Coach's Analysis

Vertical Jumping Factors

 Another PowerStarts Secret

The counter movement of squatting down just before jumping is part of the mechanics of vertical jumping.  The counter movement involves muscles acting to slow the body and initiate the reverse of the desirable movement.  As these muscles are activated, force is increased in the tendon-muscle complex, increasing its stiffness or resistance to stretching.  The result is a storage of elastic energy in the muscles and tendons referred to as "muscular preload" or "coil".  The elastic energy builds up and then is released with the "desirable movement."

This counter movement (squatting) and desirable explosive movement (jumping) typically requires force to be developed in a time period between .20 and .35 seconds (200-350 milliseconds).  A suddenly-imposed stretch also increases neural stimulation to the muscles.

Without the sudden counter movement of squatting the resultant explosive movement is not as productive as those which employ a sudden stretch-reflex performance.

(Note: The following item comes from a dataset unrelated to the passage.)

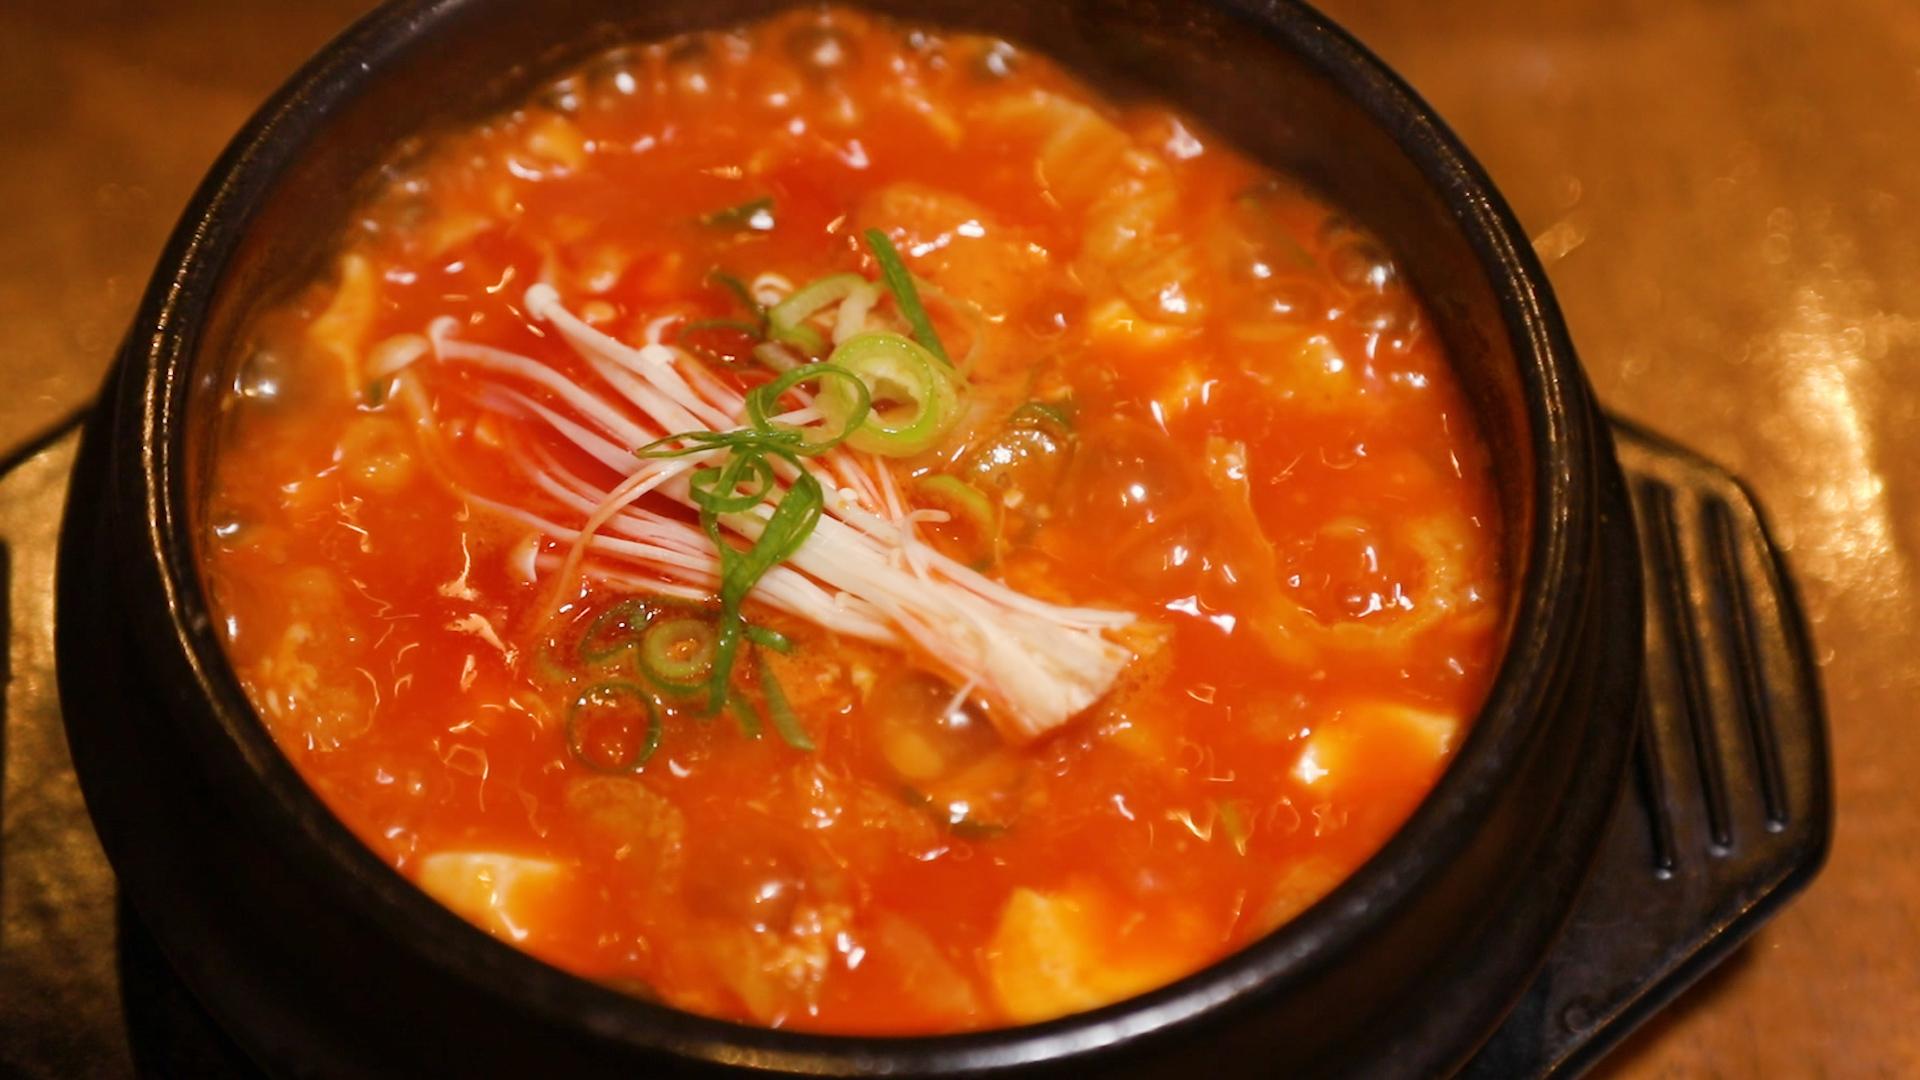 中華料理、韓国料理、紹興酒、マッコリ大好き奥様14 [無断転載禁止]©2ch.netYouTube動画>2本 ->画像>16枚

CAUTION:  Heavy-strength training in some cases might even reduce the ability of the muscles to develop force rapidly.  Training with heavy loads improves maximal isometric strength but not the maximal rate of force development that is paramount for vertical jumping enhancement.  Light load training, on the other hand, with a emphasis on speed of movement increases an athlete's ability to develop force rapidly.

Heavy strength training is of little benefit to already strong individuals who wish to perform explosive movements preceded by counter movements that are initiated from a static crouch position such as track starts, football lineman stance and starts from starting platforms for swimming.

Methods that emphasize rapid force development, high contraction velocities and use of the stretch-shorten cycle movements should be part of the training preparation for vertical jumping with emphasis on explosive power rather than strength.

Animated Photo 9

Notice the squatting down motion.  This counter movement is what causes the muscles involved to be stretched rapidly, like a rubber band.  Then the rubber band springs back, or shortens to accelerate the body by launching the body up.